Where are America's small-business owners increasingly turning to find easy financing for their companies? The same place they charge everything from movie tickets to college tuition: credit cards.
That's one of the findings of an annual survey to be released today documenting the state of America's small businesses, which appear to be mimicking consumers in their growing addiction to plastic.
More than a third of business owners surveyed said they use credit cards to finance everything from office supplies to inventory and equipment. That's nearly double the 17.3% recorded in 1993, according to the study's authors, National Small Business United, a Washington-based advocacy group, and Arthur Andersen's Enterprise Group, which specializes in consulting for small and medium-sized companies.
Industry watchers say the figures underscore the easy availability of credit. A fistful of plastic gives business owners instant access to thousands of dollars in much-needed capital without the hassle of filling out loan documents.
If they use their credit without incurring a lot of debt, small businesses can finance short-term growth with their gold cards for about what they'd pay for traditional bank loans or lines of credit. But charging can be expensive over the long haul, and it can be downright fatal to a fledgling enterprise if the card balances spiral out of control.
"It may be easier to flash the plastic, but in the long run, working hard to find an alternative means of financing is prudent," says Sharon Miller, a Michigan-based small-business owner and chairwoman of the NSBU.

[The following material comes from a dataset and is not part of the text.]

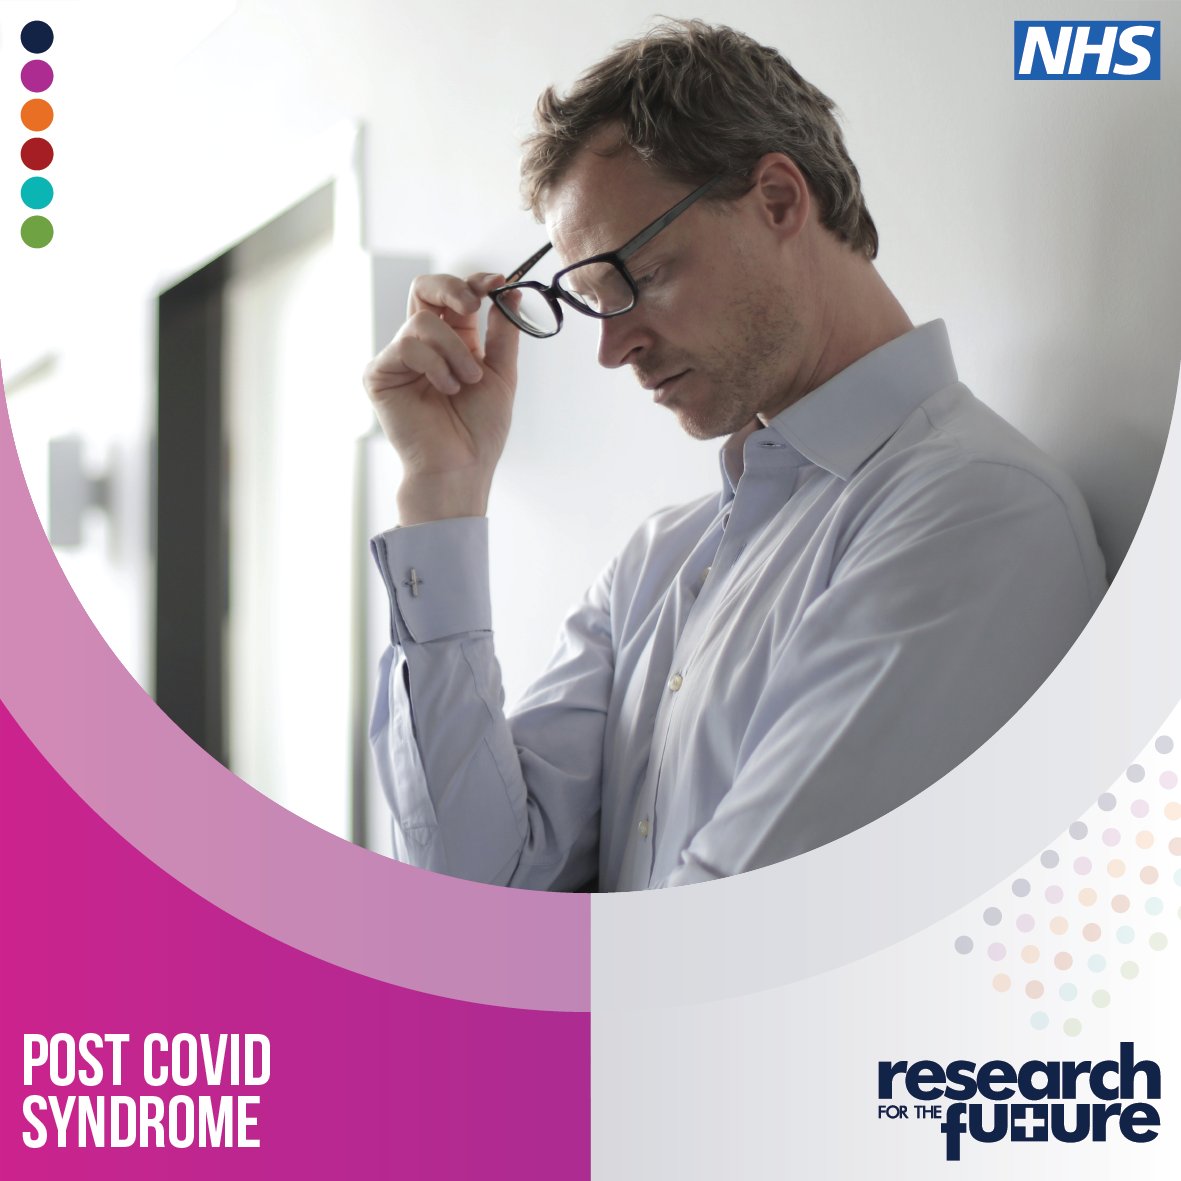 🟣 Can you help with research into long Covid? There have been more than 200 symptoms reported by people following infection with #Covid19 If you're experiencing any symptoms & want to help the NHS better understand the causes, register now for research: researchforthefuture.org/register

At first blush, the concept of small-business owners using credit cards to bankroll their companies dredges up images of desperate entrepreneurs turned away by traditional lenders. But 77% of the nearly 1,000 business owners surveyed said they had access to adequate financing.
For many mom-and-pop companies, credit card usage is a prudent, calculated strategy to help them manage their cash flow and cut down on paperwork, according to Nancy Pechloff, managing director of the Enterprise Group.
Pechloff said 60% of the small-business credit card users surveyed said they pay off their balances in full each month, thus avoiding interest charges. For these firms, taking advantage of the float amounts to an interest-free loan. And writing a single check to the credit card company is faster and cheaper than mailing dozens of separate checks to suppliers.
"Small-business owners are simply being opportunistic," Pechloff said. "For many of them it's an advantage . . . not a liability."
Credit card issuers are fueling this "charge it" mentality by rolling out new cards aimed at small businesses. Barely a year after introducing revolving credit cards for such firms, American Express has signed up 600,000 clients, according to Richard D'Ambrosio, spokesman for the company's Small Business Services division.
"This is an extremely competitive market right now," D'Ambrosio said. ". . . Small business is where the growth is."
What's more, the rates on some credit cards are quite competitive with traditional bank loans and lines of credit--sometimes even cheaper. For example, American Express offers a six-month "teaser" rate of 8.9% on its corporate Optima cards. That's just a hair above the current prime rate of 8.5%.
"Heck, even a [Small Business Administration] loan is going to cost you [more than that]," says Harry Dictor, a small-business counselor for the SBA's Service Corps of Retired Executives office in Glendale. "I had two clients come in this morning needing modest financing, and we quickly figured out they'd be better off using their credit cards."
But experts also caution that plastic can become a trap, particularly for inexperienced business owners using their credit card companies as a lender of last resort. While bankers and venture capitalists require borrowers to lay out a disciplined, coherent business plan, credit card companies don't care what an entrepreneur puts on the card as long as the money is paid back on time.
That kind of fast and loose financing can lead to poor business decisions, which are showing up in recent credit card delinquency statistics. At midyear, Americans had racked up more than $500 billion in outstanding revolving credit, most of it charged on credit cards. About 3.69% of those cardholders were behind on their payments in the second quarter, the second-highest level since the statistics have been compiled, according to the American Bankers Assn.
Although the ABA doesn't calculate how many of those delinquents were small-business owners using plastic to keep their firms afloat, industry observers say that kind of financing is no doubt contributing to the high default rates.